I wake up at 3am on the dot and pump. I get a measly 3 ounces. I usually get 4 from just one side, and this was emtpying both. I feel like I am going to die. Still feverish. Wake up again at 7 when Noah cries, and feel quite a bit better. I feed him and he goes back to sleep, so I do too. We all wake back up around 9. Cami is happy. And cool. Noah is happy. I am fine aside for a small headache and cloggging still. The worst has past. I give Cami more motrin just to be safe, and I continue to do the same for myself. Mom comes. Cami has a friend, thank goodness. She and mom play and play and play while I nap and rest. I nurse every hour and a half, and can't seem to satisfy Mr. Noah. Right after one attempt, mom gets him to drink a full 4 ounce bottle. Apparently he is getting next to nothing from me. Still clogged. Production is dropping. Another dinner from Ali. Man, I have great friends. Try the hot bath. Doesn't help. Nothing helps. More bottles for Noah. Seriously wanting to throw in the towel, but unfortunately I can't until the mastitis is gone. But at least the fevers are gone.

And now it's 11:24, and I'm not even tired. Can't stop thinking about what I'm going to do when this is all done. Will I call it a day and be done nursing? Will I tough it out and keep going, even though I am at a high risk for getting mastitis again? I'll probably think "ah...now that I'm normal again, it isn't so bad" and keep going. It's so convenient, and I was really really enjoying it this time around. But still. I am so frustrated. Don't be surprised if I give up.

4 comments:

John and Erin said...

seriously!? Call me. Ill give you all my pointers. Ive pretty much gotten this down to a science...I feel so bad for you!!!

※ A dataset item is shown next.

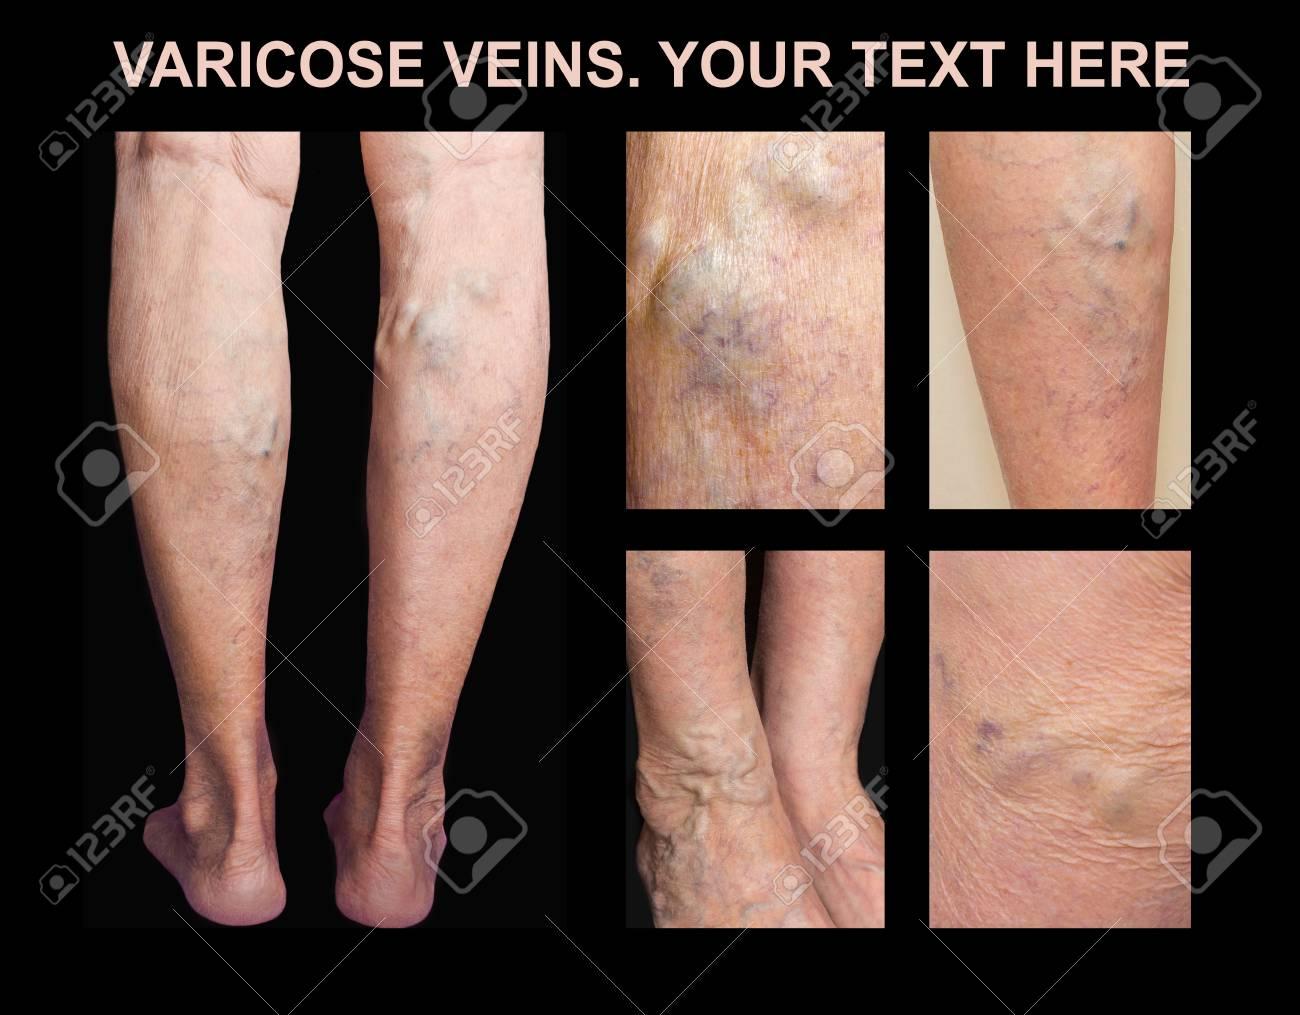 fotos de venas varicosas en las piernas

Tyler and JoAnna Hamilton said...

Whatever is best for you and Noah is what is best for you and Noah...and if that means not nursing anymore, you don't nurse anymore...don't call it giving up! You are a wonderful mother making informed decisions :)

I sure hope things continue to get better for you!

Sierra said...

I read your blog and was almost in tears for you! I hope that you don't have another day like that for a long time! I'm glad things are going well for you guys other than the recent illness. Thanks for the words of comfort on my Facebook about having 2 children. I really am hoping it will all work out, I'm pretty nervous. You are a great mom!

The Hicks of Kentucky said...

I am so sorry to hear about this Laura! I really hope things start getting better. I was reading this wishing so badly that I lived closer to you!! I would have been there in a heart beat!